A bonne école



Entretien

Nestor Romero : "Ce sont les événements tragiques dont sont victimes filles et garçons de plus en plus jeunes qui imposent la question de l'éducation"





Dans la campagne présidentielle en cours, le thème de l'éducation occupe une place prépondérante. On voit les candidats de tous bords multiplier les propositions, sans forcément expliquer la manière dont ils s'y prendraient pour les appliquer. Certaines propositions font la une, d'autres pas. Mais pour Nestor Romero, enseignant à la retraite, écrivain et chroniqueur, ce n'est pas tant l'éducation qui préoccupe les candidats que l'image qu'ils vont renvoyer d'eux-même. Avec lui, Buzzlim a choisi de revenir sur les propositions de candidats, leurs programmes et les réformes urgentes à apporter à l'Education nationale. Entretien.



Nestor Romero, ancien enseignant et chroniqueur pour Rue89
Nestor Romero, ancien enseignant et chroniqueur pour Rue89

Buzzlim.fr : Pourquoi selon vous l'éducation est au centre des préoccupations et des débats entre les candidats à la présidentielle ces derniers temps ?

Nestor Romero : Je ne suis pas sûr que l'éducation soit au centre des préoccupations des candidats. Ce qui préoccupe la plupart, c'est l'image qu'ils donnent d'eux aux électeurs et la recherche de la petite phrase qui fera mouche et les fera grimper dans les sondages. Nous sommes au cœur et au paroxysme de la société du spectacle. Dans ce contexte l'éducation permet de réaliser des coups (de théâtre) : 60 000 postes, aide individuelle aux élèves (UMP), programmes CLAIR puis ECLAIR, etc. Par ailleurs nul n'ignore que de nombreux établissements scolaires, et pas seulement dans les « zones », ne parviennent plus à jouer leur rôle de « pacification sociale » et que l'explosion menace à chaque instant. En réalité ce sont les événements tragiques dont sont acteurs et victimes des filles et des garçons de plus en plus jeunes qui imposent la question de l'éducation.

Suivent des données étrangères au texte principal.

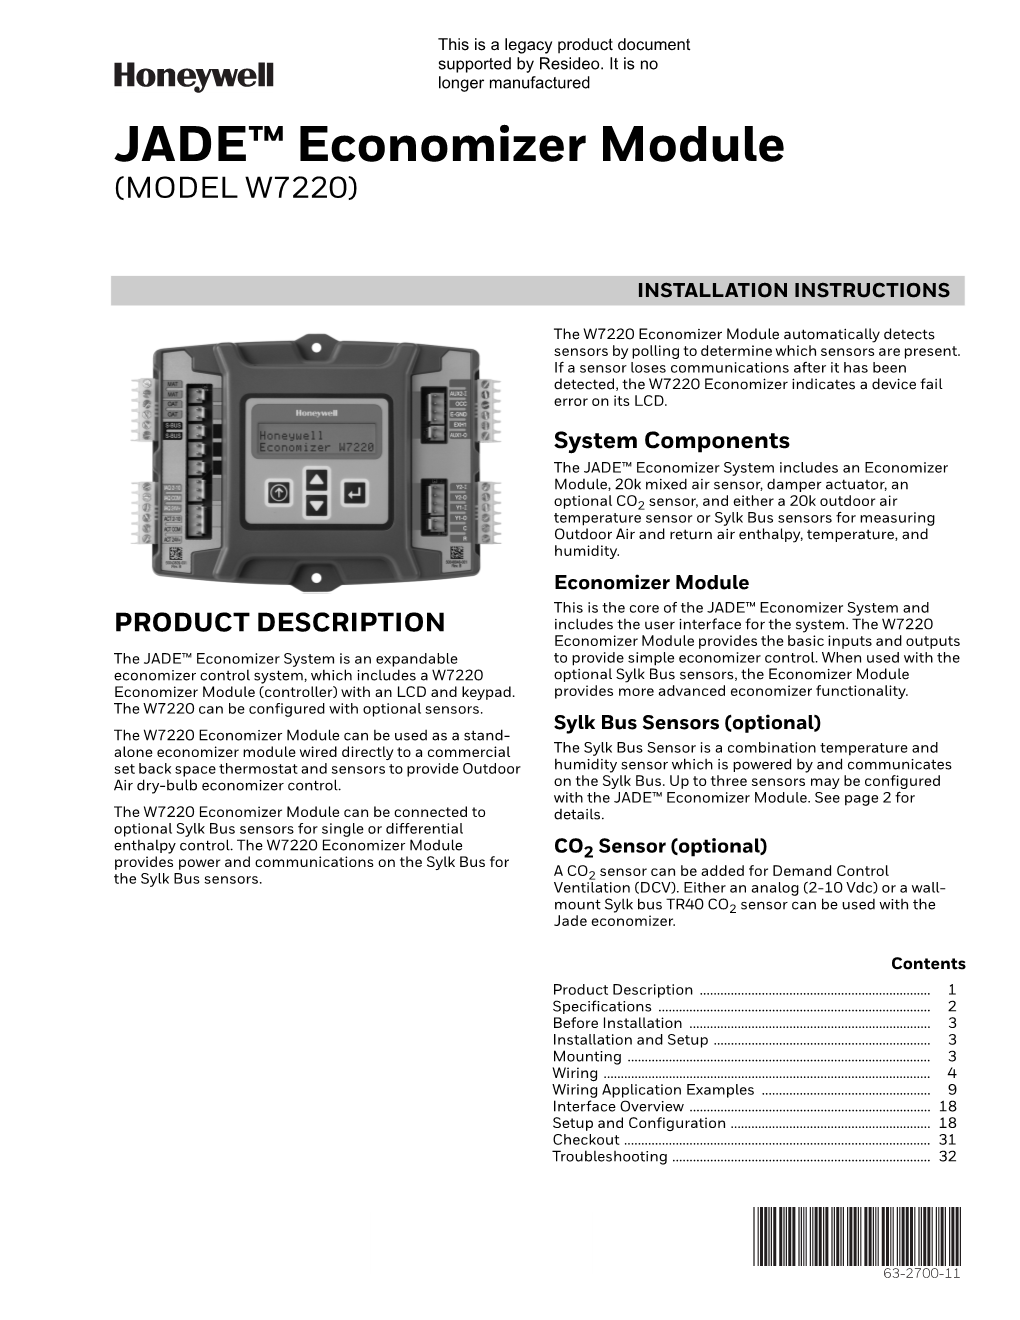 JADE™ Economizer Module (MODEL W7220)

Nestor Romero : "Ce sont les événements tragiques dont sont victimes filles et garçons de plus en plus jeunes qui imposent la question de l'éducation"

Comment qualifieriez-vous, dans les grandes lignes, les programmes de chacun des partis/candidats ?

N. R. : Écartons immédiatement le programme de la droite au pouvoir et de la droite fasciste : je maintiens ce qualificatif appliqué au FN car je crois avoir montré sa pertinence dans une chronique de Rue89 intitulée « No pasaran !». Le projet de l'UMP consiste à transformer l'école en entreprise, une entreprise productrice de « ressources humaines » mises au service du fonctionnement économique dominant. Le projet du FN n'a pas à être commenté mais combattu.

Le projet du PS est remarquable par sa retenue, sa timidité. La raison en est la suivante, à mon sens : on ne peut poursuivre un objectif de justice sociale sans penser une profonde évolution des structures de l'école. Il n'est pas possible de combattre l'échec scolaire dans une école dont les structures ont été définies voici plus d'un siècle pour « dégager une élite ». Mais faire évoluer l'école c'est d' abord, tout le monde le sait, faire évoluer le métier d'enseignant. On ne lutte pas contre l'échec scolaire en perpétuant les 15 ou 18 h de cours hebdomadaires, les classes d'âge et le « je parle, tu écoutes ». Seulement de nombreux enseignants tiennent comme à la prunelle de leurs yeux à leur « emploi du temps ». Et ce sont des électeurs traditionnellement de gauche (de moins en moins), alors...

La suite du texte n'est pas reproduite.